A machine resembling the guillotine for beheading criminals in the sixteenth and seventeenth centuries; brought to Scotland by the Regent Morton from Halifax, in Yorkshire, for the purpose of beheading the laird of Pennycuick. It was also called “the widow.”

He who invented the maiden first hanselled it.
Referring to Regent Morton, who introduced this sort of guillotine into Scotland, erroneously said to have been the first to suffer by it. Thomas Scott, one of the murderers of Rizzio, was beheaded by it in 1566, fifteen years before Morton's execution.

Maiden Assize

(A). One in which there is no person to be brought to trial. We have also the expressions maiden tree, one never lopped; maiden fortress, one never taken; maiden speech; etc. In a maiden assize, the sheriff of the county presents the judge with a pair of white gloves. White gloves symbolise innocence. Maiden primarily means unspotted, unpolluted, innocent; thus Hubert says to the king-

This hand of mine
Is yet a maiden and an innocent hand,
Not painted with the crimson spots of blood.

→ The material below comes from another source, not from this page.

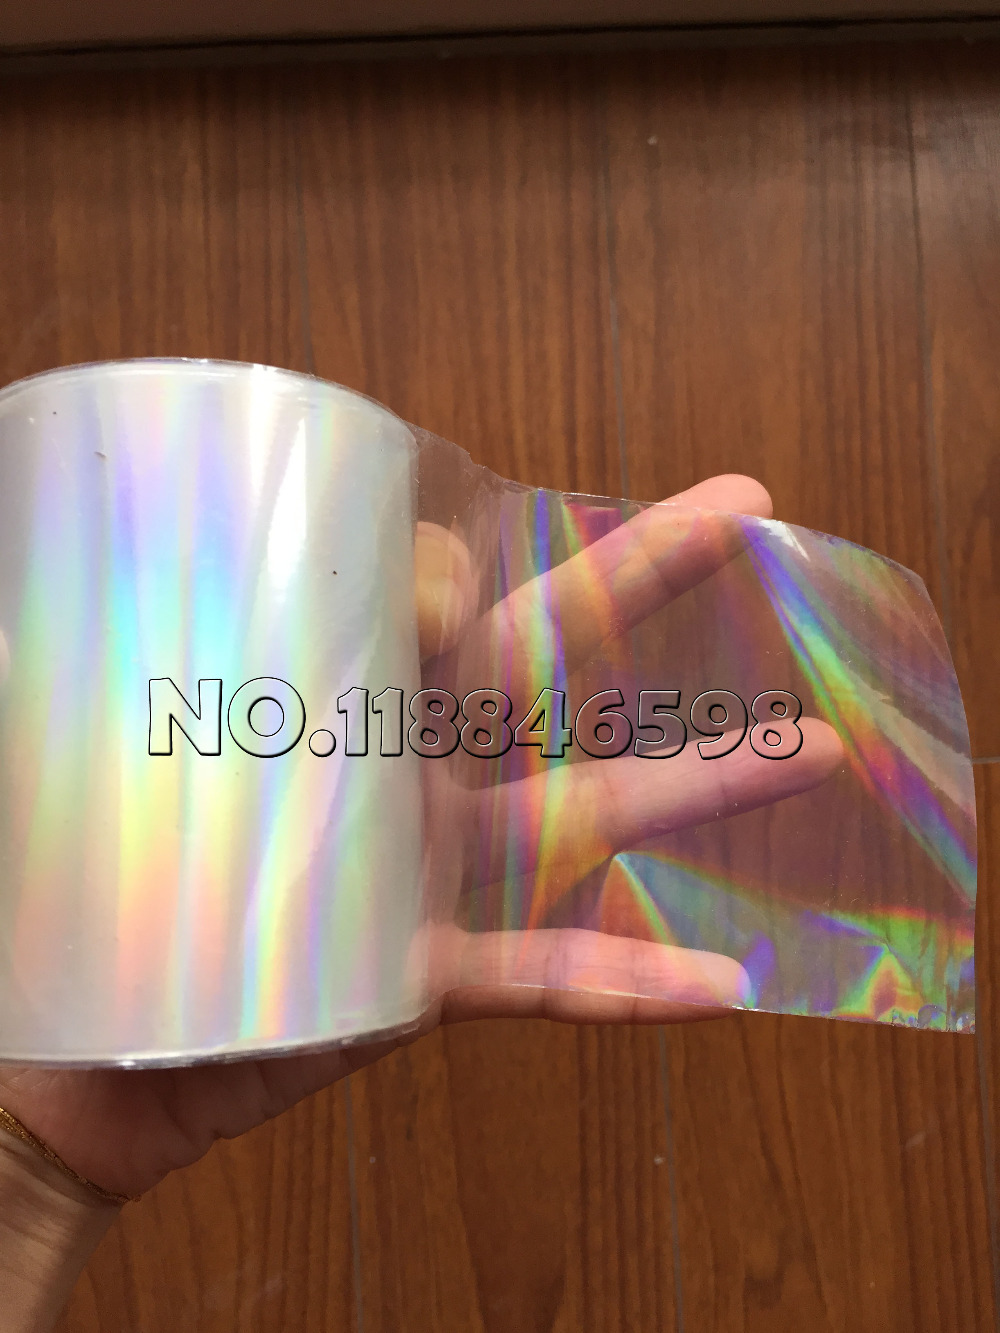 Tool Parts New Style Holographic Foil Plain Transparent Foil Hot Stamping On Paper or Plastic 8cm x 120m//Lot DIY Package Box Color: transaparent

Shakespeare: King John, iv. 2.

Maiden King

(The). Malcolm IV. of Scotland. (1141, 1153-1165.)

“Malcolm ... son of the brave and generous Prince Henry ... was so kind and gentle in his disposition, that he was usually called Malcolm the Maiden.” —Scott: Tales of a Grandfather, iv.

Maiden Lane

(London). So called from an image of the Maiden or Virgin Mary, which stood there before the Reformation.

Maiden

or Virgin Queen. Elizabeth, Queen of England, who never married. (1533, 1558-1603.)